═══ TASK INPUTS ═══

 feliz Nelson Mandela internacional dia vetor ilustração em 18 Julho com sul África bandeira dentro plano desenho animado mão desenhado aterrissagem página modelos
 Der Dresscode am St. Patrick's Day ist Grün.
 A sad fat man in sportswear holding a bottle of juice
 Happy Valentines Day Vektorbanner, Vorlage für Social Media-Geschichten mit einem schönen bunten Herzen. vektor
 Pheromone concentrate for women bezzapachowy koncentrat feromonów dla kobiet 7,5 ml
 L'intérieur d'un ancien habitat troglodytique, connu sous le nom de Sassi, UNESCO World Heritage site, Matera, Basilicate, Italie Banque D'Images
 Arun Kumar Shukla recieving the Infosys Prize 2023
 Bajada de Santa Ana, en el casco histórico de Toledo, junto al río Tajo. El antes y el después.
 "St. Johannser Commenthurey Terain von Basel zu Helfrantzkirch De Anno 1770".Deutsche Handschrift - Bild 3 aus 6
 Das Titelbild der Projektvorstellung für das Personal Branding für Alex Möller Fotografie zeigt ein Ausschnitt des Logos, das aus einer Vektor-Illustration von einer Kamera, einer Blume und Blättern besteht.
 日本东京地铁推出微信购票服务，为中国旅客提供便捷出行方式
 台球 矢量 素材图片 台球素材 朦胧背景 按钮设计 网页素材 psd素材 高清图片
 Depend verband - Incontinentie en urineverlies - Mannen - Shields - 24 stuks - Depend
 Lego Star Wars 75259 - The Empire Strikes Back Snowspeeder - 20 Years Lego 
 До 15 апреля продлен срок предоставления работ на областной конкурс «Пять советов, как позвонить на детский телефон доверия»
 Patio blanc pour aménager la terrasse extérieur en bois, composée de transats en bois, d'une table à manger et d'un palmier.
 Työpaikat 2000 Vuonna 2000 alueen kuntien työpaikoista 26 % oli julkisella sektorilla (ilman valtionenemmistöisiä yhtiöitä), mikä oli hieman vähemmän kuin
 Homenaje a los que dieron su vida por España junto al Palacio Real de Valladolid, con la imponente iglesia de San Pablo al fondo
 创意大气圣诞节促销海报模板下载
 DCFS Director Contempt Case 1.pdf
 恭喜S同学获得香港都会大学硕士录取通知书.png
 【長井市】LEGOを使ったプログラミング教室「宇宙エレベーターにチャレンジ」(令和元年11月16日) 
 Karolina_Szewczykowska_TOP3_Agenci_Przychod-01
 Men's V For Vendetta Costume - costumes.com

═══

**WHAT YOU ARE ASKED TO DO:**
Look through the entries above for the word "junto". Copy every line where it shows up.

**RESPONSE BELOW:**
 Bajada de Santa Ana, en el casco histórico de Toledo, junto al río Tajo. El antes y el después.
 Homenaje a los que dieron su vida por España junto al Palacio Real de Valladolid, con la imponente iglesia de San Pablo al fondo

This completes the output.